The assasination of an Iraqi Turkmen politician in Kirkuk on Tuesday is an attempt to ruin the relations between Turkmens and Kurds, according to Iraqi Turkmen deputy Muhammet Ilhanli, Anadolu agency reported.
Iraqi Turkmen Front executive committee member Munir Kafili was shot dead on Tuesday when unidentified gunmen attacked his vehicle in Kirkuk.
"The situation in Kirkuk has been more favorable for Turkmens recently. There were some people worried about this," Ilhanli told Anadolu Agency on Tuesday.
He said the assasination of Kafili might have been carried out in order to give an impression that 'Peshmerga are unable to protect Kirkuk.'
Kurdish Peshmerga forces have reportedly taken control of key areas of Kirkuk after the Iraqi army withdrew from the province in the last week following a major offensive by militants spearheaded by the Islamic State of Iraq and the Levant, or ISIL.

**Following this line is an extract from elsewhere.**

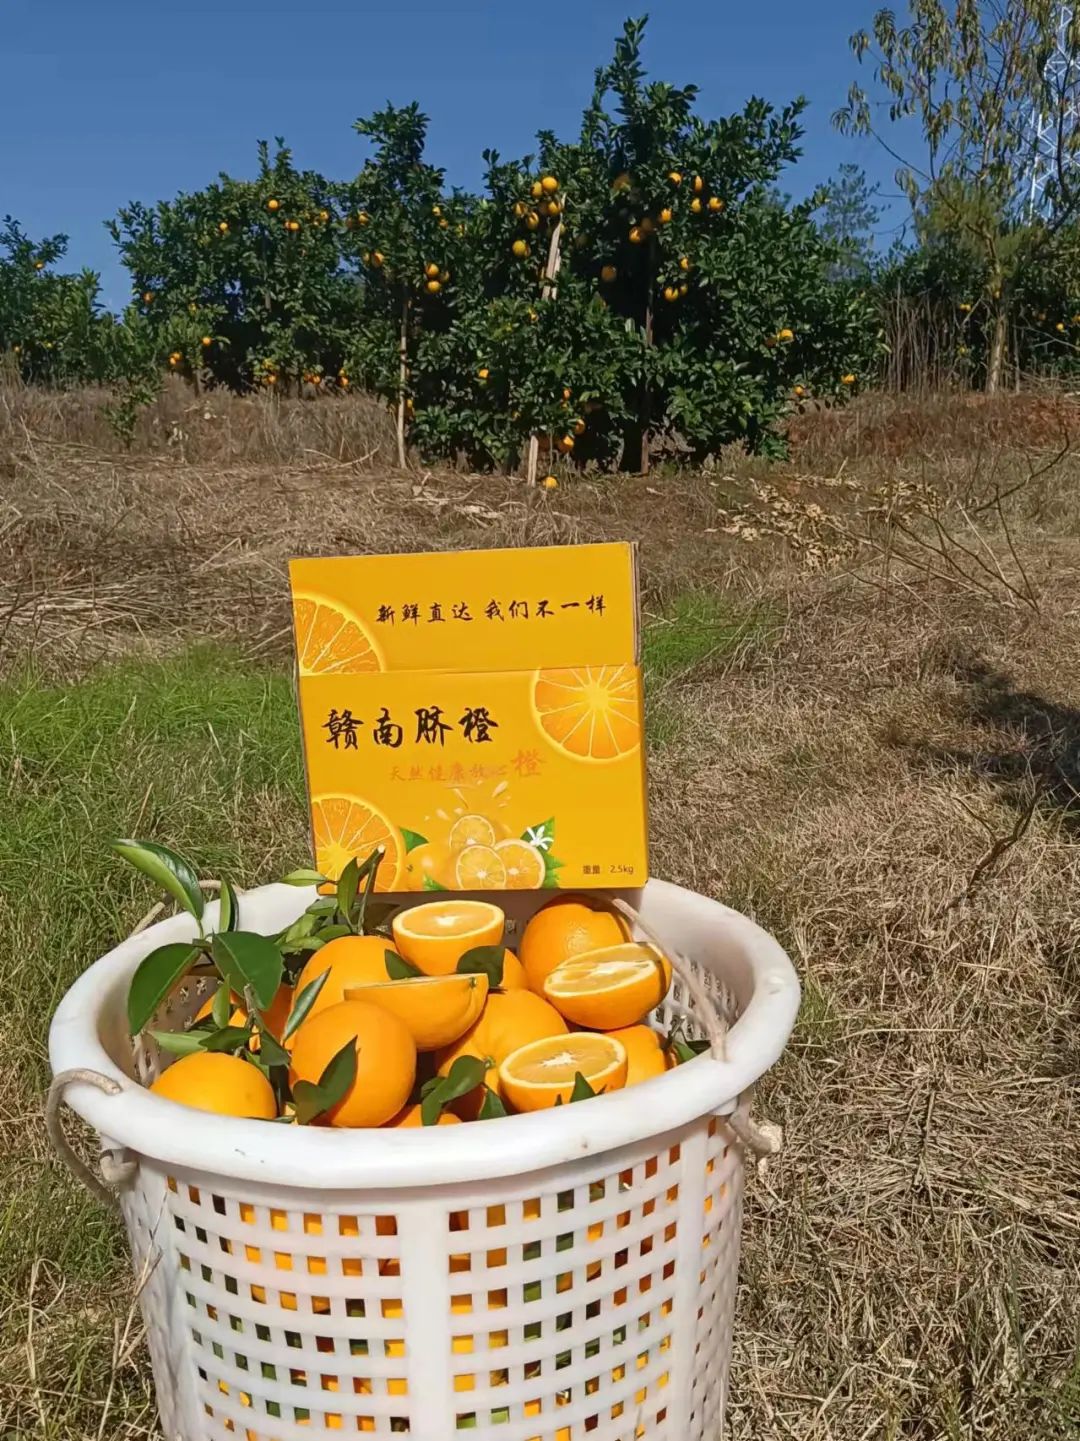 甜到爆汁！很多惠州人爱吃的赣南脐橙一箱29.9元起

Hasan Ozmen, a former MP from Diyala province, told AA that this kind of attacks aimed at intimidating Iraqi Turkmens.
"They are killing Iraqi Turkmens and their leaders indiscriminately. This is a part of the war they have been waging," Ozmen said.
He said it looked likely that ISIL militants were behind the assasination of Kafili.
"Munir Kafili was killed when we were preparing for the anniversary of the death of Ali Hasim Muhtaroglu (former Iraqi Turkmen Front deputy chairman)," said Ozmen.
Muhtaroglu was killed in a bomb attack on June 25, 2013.
According to Ozmen, the ones behind these attacks target Turkmens regardless of their sects.
"Muhtaroglu was a Shia Muslim and Kafili was a Sunni Muslim. These people do not care about beliefs, you just have to be Turkmen to get killed," said Ozmen.
Munir Kafili spent 20 years in prison for 'political crimes' during the Baath Party regime. He was released in 2003 and returned to politics.
The three million-strong Turkmens represent the third-largest ethnic group in Iraq, constituting 13 percent of the population.
Tensions remain high in the Kirkuk district as clashes are ongoing between Iraqi forces and militants of the Islamic State of Iraq and the Levant (ISIL).
ISIL militants, backed by tribal fighters, seized Iraq's second-largest city Mosul on 10 June and captured a number of other cities in the north, including Tikrit and Tal Afar.
They also reportedly control Al Qaim, Rawah, Anah, Al Ratba and Haditha in the western province of Al Anbar.
ISIL forces also extended their grip along Iraq's Syrian and Jordanian border on Monday after taking control of border crossings, according to Farhan Ftikhan, the mayor of Al Qaim.